= Problem to work on =
The answer consists of the lines from the line holding "Wallpaper The Nun" through the last line of the entries, retyped exactly, and nothing else. No pictures belong in it.

[Records from a data collection]
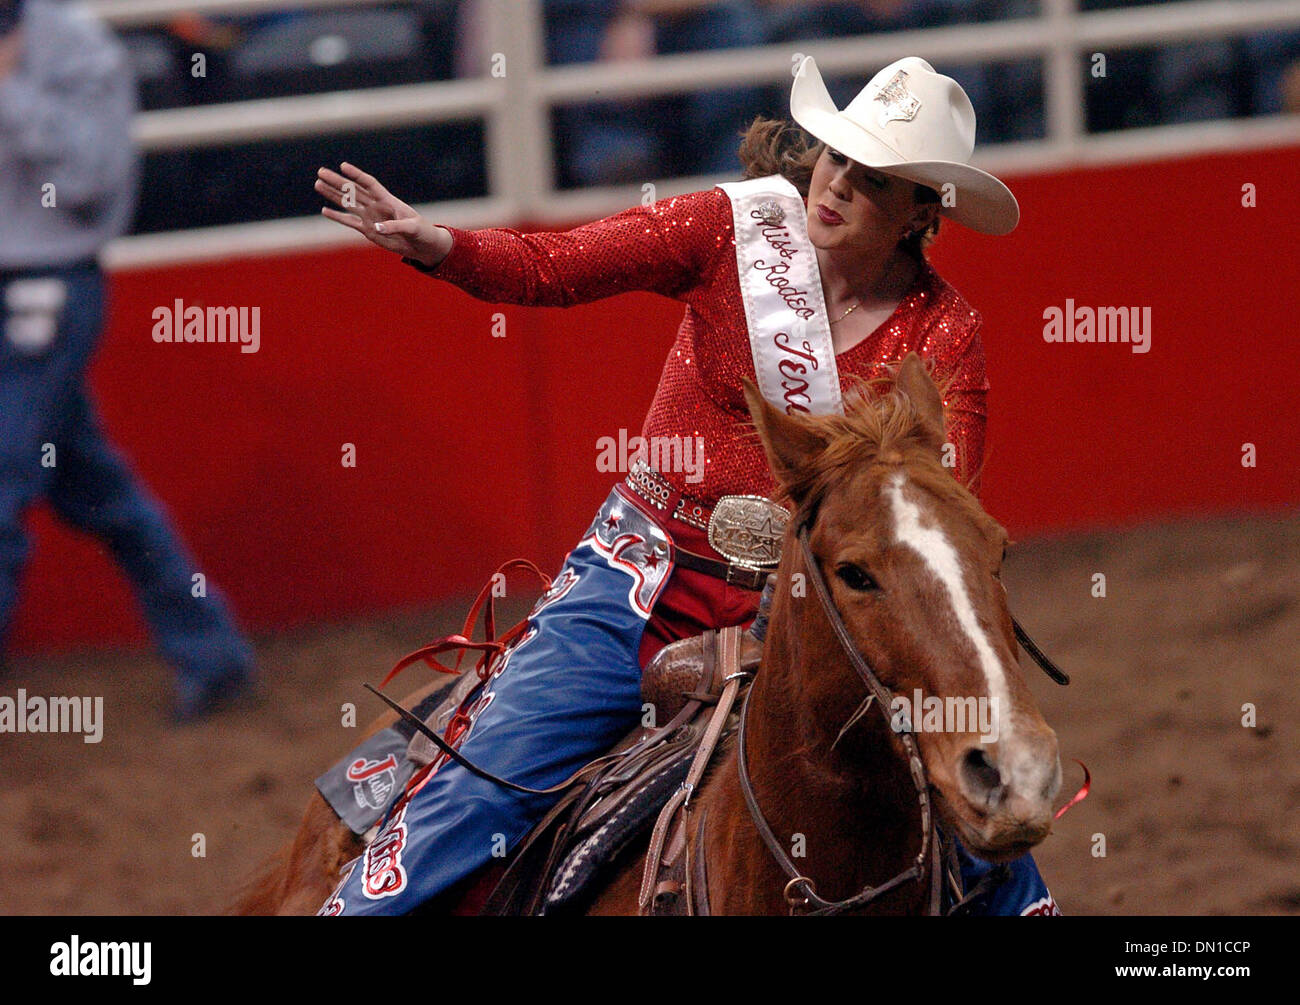 Feb 04, 2006; San Antonio, TX, USA; Miss Rodeo Texas Beth Murphy enters the arena at the San Antonio Stock Show & Rodeo in the AT&T Center on Saturday, Feb. 4, 2006. Mandatory Credit: Photo by Billy Calzada/San Antonio Express-News /ZUMA Press. (©) Copyright 2006 by San Antonio Express-News Stock Photo
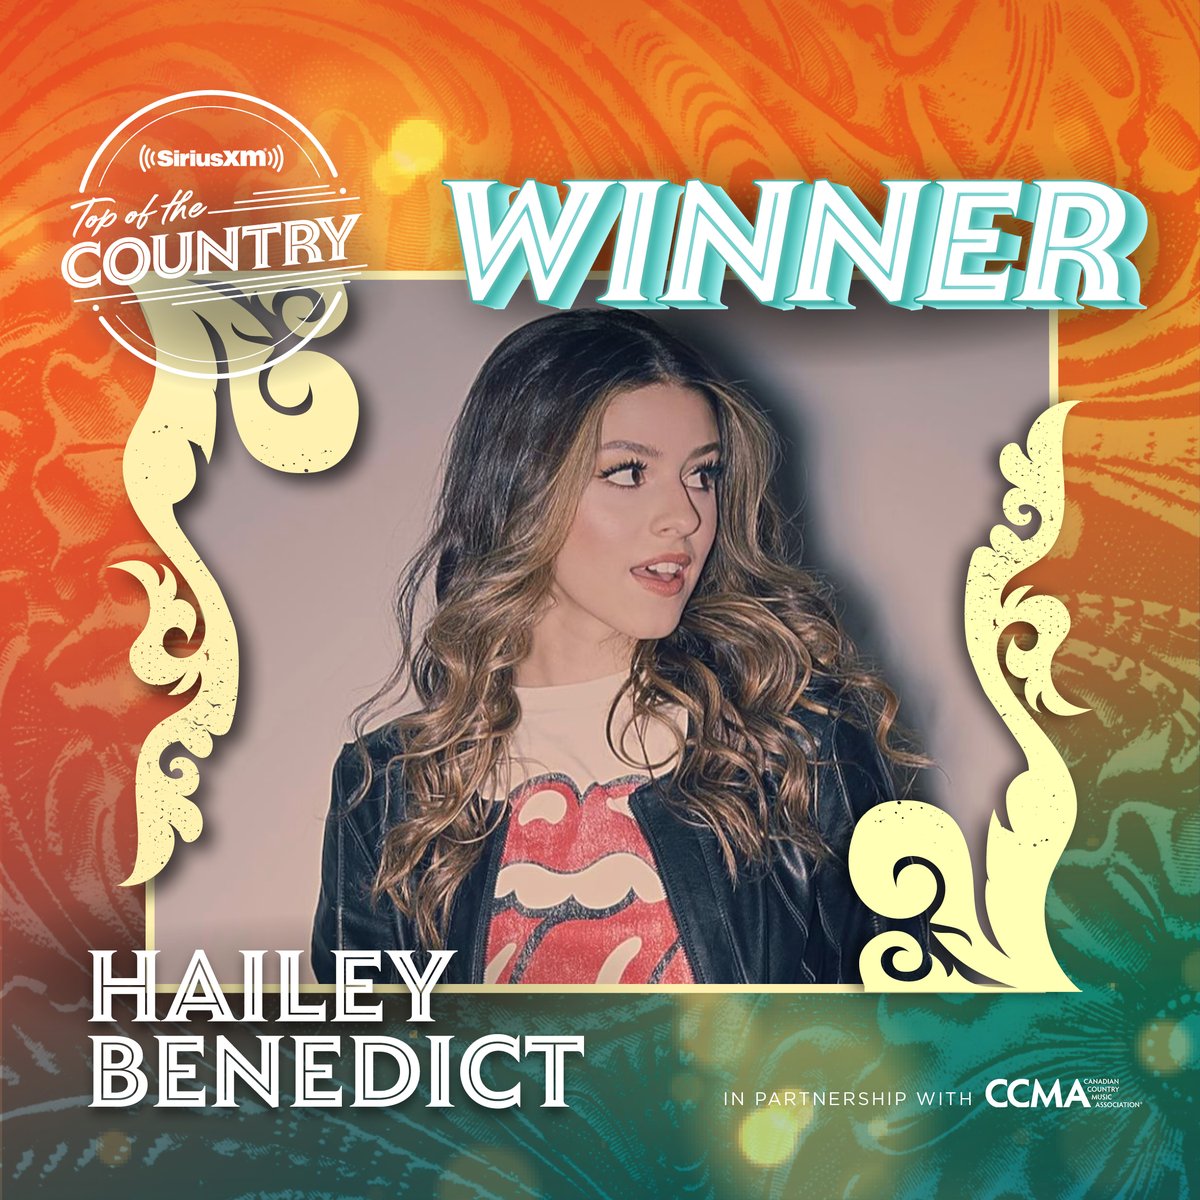 One week ago, we crowned the next big name in country music! Congratulations @thatsmehaileyb! The 2023 SiriusXM Canada #TopofTheCountry winner!

In partnership with @ccmaofficial

#SiriusXMCanada #CCMAawards
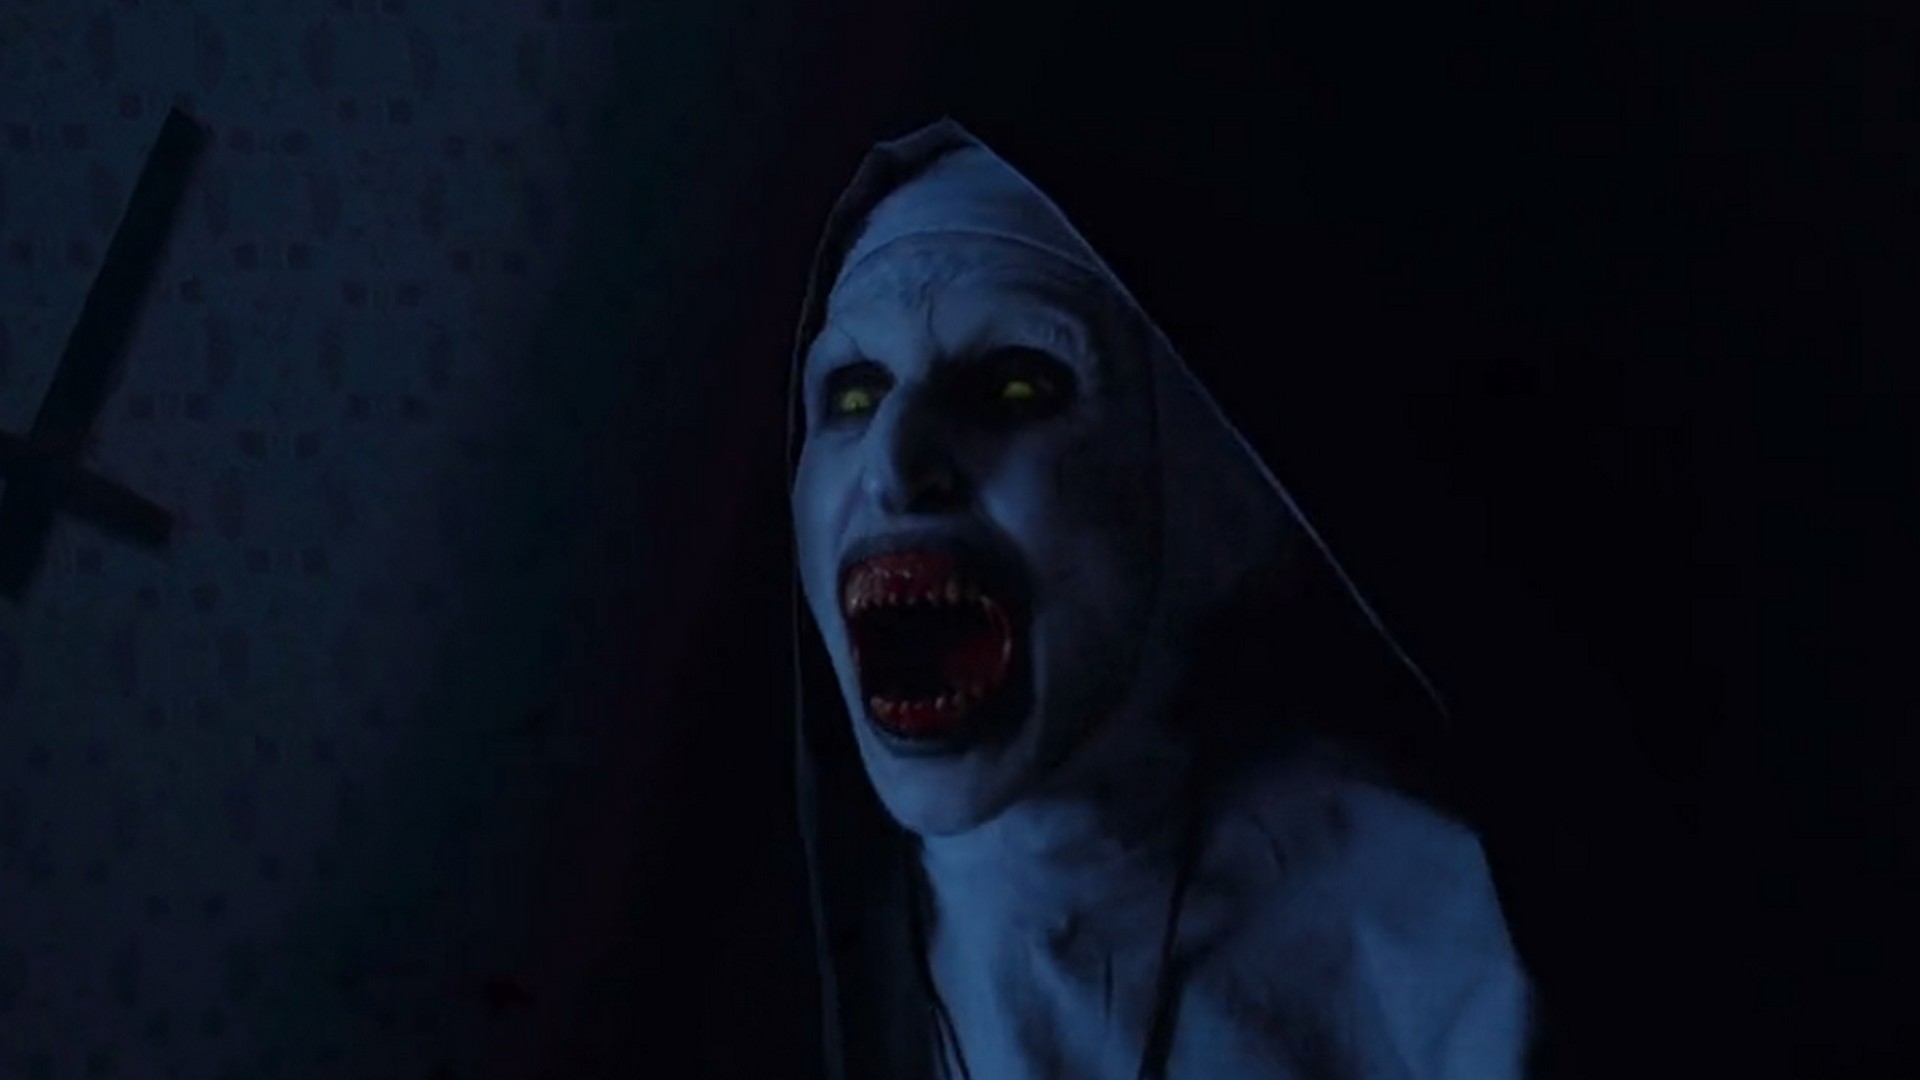 Wallpaper The Nun Valak HD With Resolution 1920X1080 pixel. You can make this wallpaper for your Desktop Computer Backgrounds, Mac Wallpapers, Android Lock screen or iPhone Screensavers
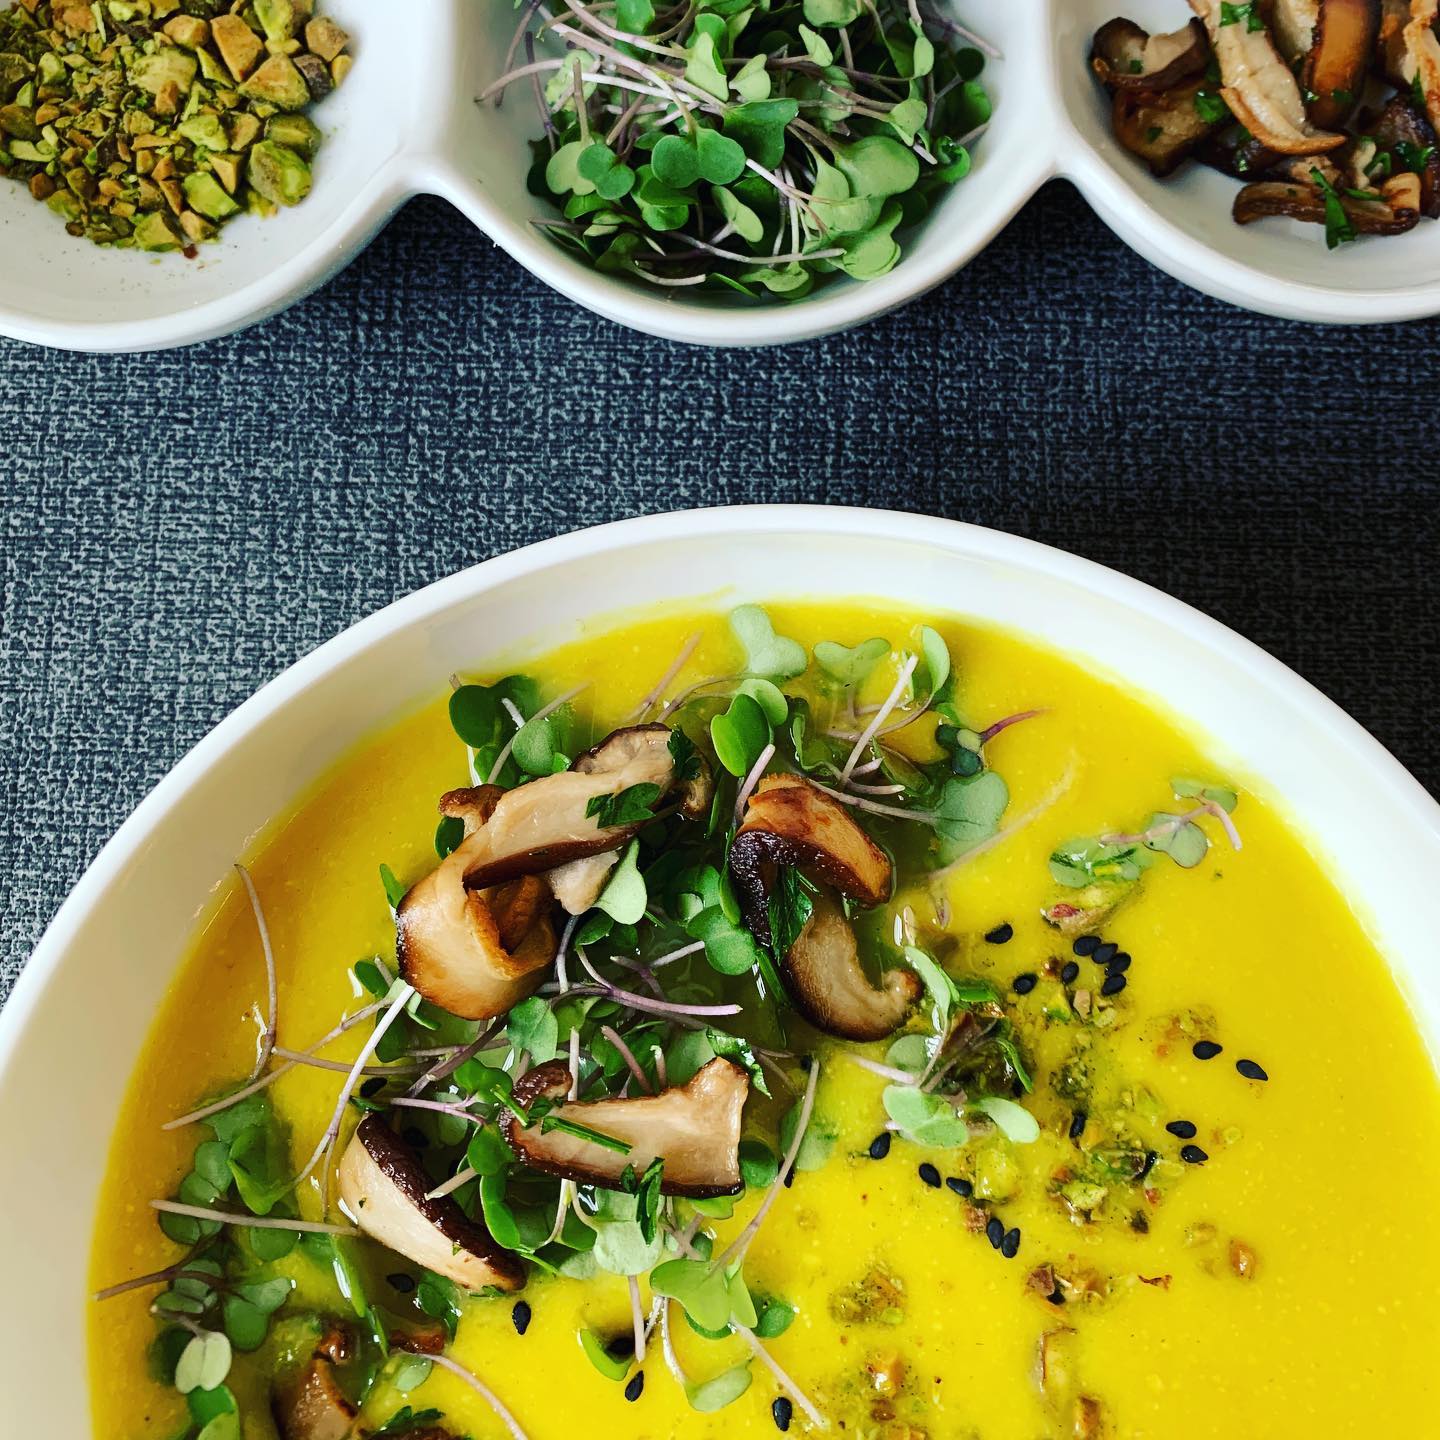 Celebrating turmeric and cauliflower soup with shiitake mushrooms, micro kale and crushed pistachios. Soup by @maxkiesler

= Reply =
 Wallpaper The Nun Valak HD With Resolution 1920X1080 pixel. You can make this wallpaper for your Desktop Computer Backgrounds, Mac Wallpapers, Android Lock screen or iPhone Screensavers
 Celebrating turmeric and cauliflower soup with shiitake mushrooms, micro kale and crushed pistachios. Soup by @maxkiesler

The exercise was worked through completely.